Transgenders in Ukraine: Why Can’t They Leave?

Published March 13th, 2022 - 07:15 GMT
trans in Ukraine
Ukrainian men aged between 18-60 years have been barred from leaving the country. (Shutterstock: Alexander Lukatskiy)

The Russian invasion of Ukraine has been taking a toll on the lives of millions of people inside the country where the population is approaching 45 million people.
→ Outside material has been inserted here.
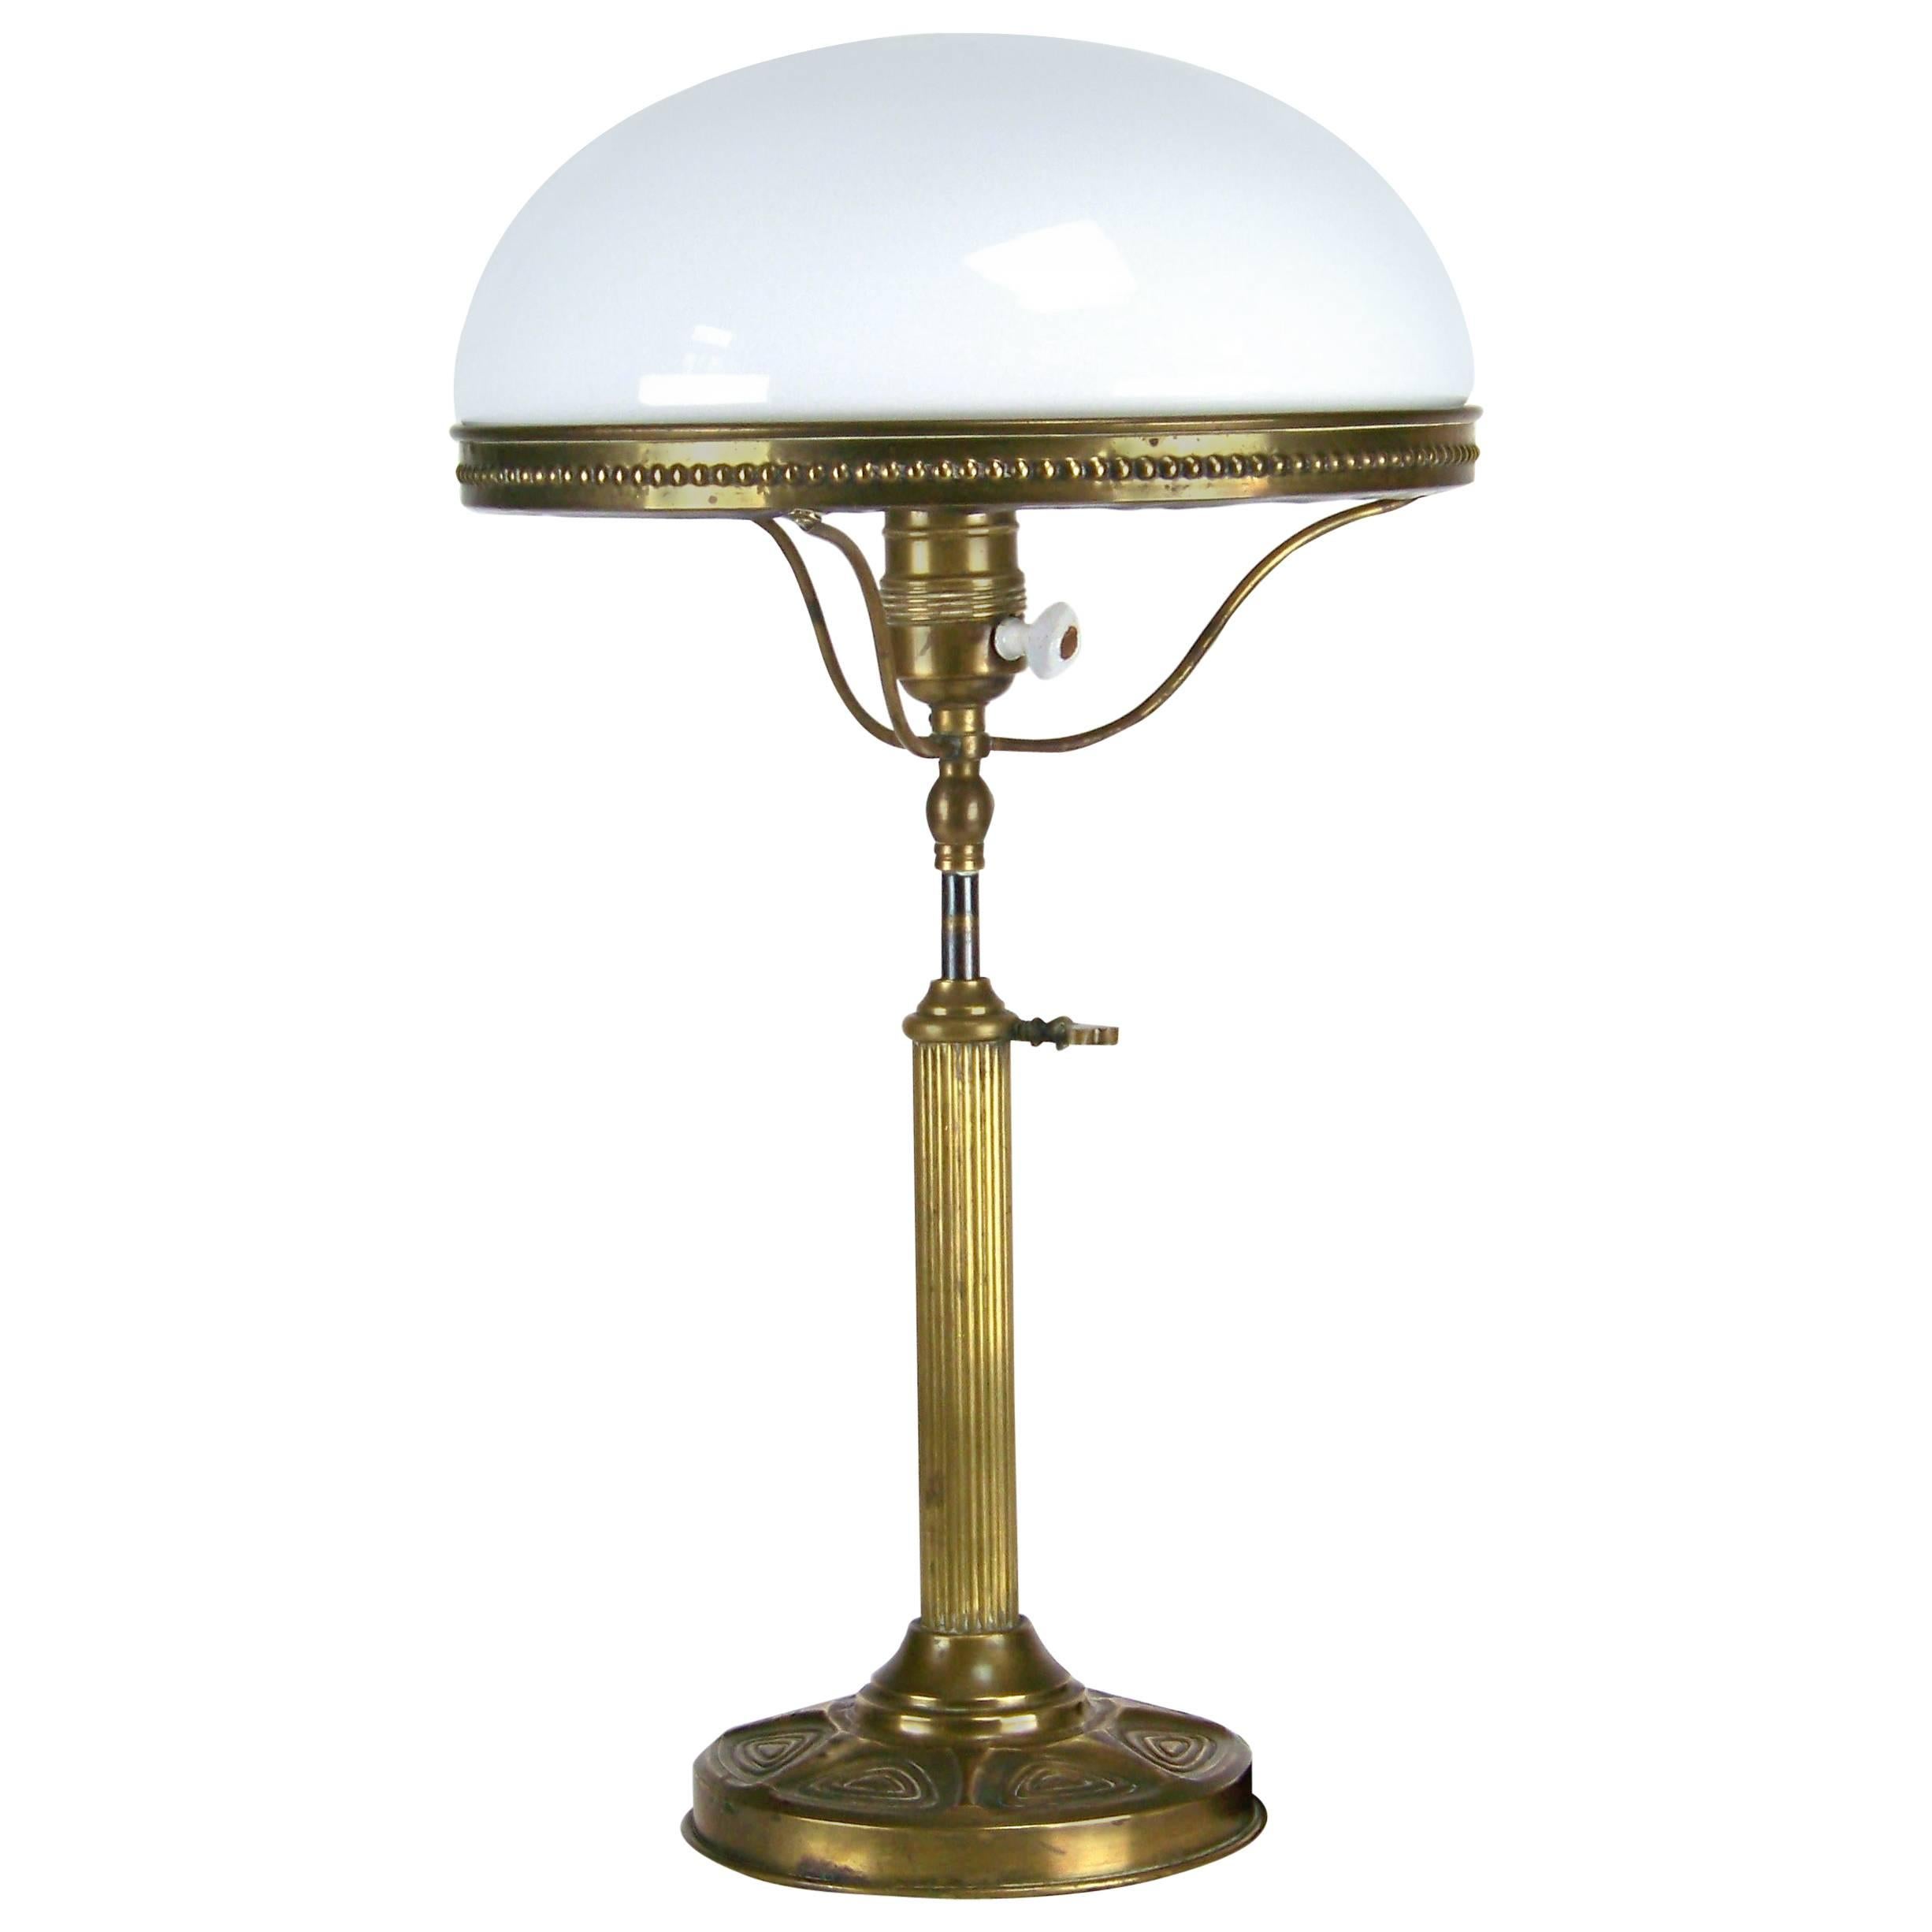 Art Nouveau Table Lamp, circa 1910

However, some social groups are facing a unique set of challenges that can not be easily expected.

According to figures provided by the UNCHR, more than 2.6 million Ukrainians have been forced to leave their country during the last three weeks, besides millions of other internally-displaced people who had to move to safer Ukrainian cities.

The relief agency is also expected the number of Ukrainian refugees to top 4 million in the coming weeks if the conflict continues to escalate. 

However, several LGBTQ individuals have spoken up about being quite vulnerable amid growing challenges they have been facing, including the inability to leave the country and seek refuge in other safer places, faced by some of them due to their gender identity.

While many Ukrainian LGBTQ people have expressed their worries that they might end up in countries that are less tolerant of their rights than Ukraine, others, especially transgender individuals highlighted the difficulty they are facing in leaving Ukraine in the first place.

Due to the decision taken by Ukrainian authorities during the first few days of the invasion, last February, to ban men aged between 18 and 60 years old from leaving the country, so they remain and support the Ukrainian army in resisting the Russians, many transgender women are being forced to stay in the country.

According to anecdotes that have been highlighted in several reports by press sources and human rights organizations, hundreds of trans women who are still assigned as "males" in their IDs are facing the risk of either being drafted or at least being left in limbo to face Russian fires.

Moreover, some trans people expressed their concerns that their gender identities and the lack of security and safety measures during the war could increase their risk of being victims of transphobic attacks, whether verbally or physically.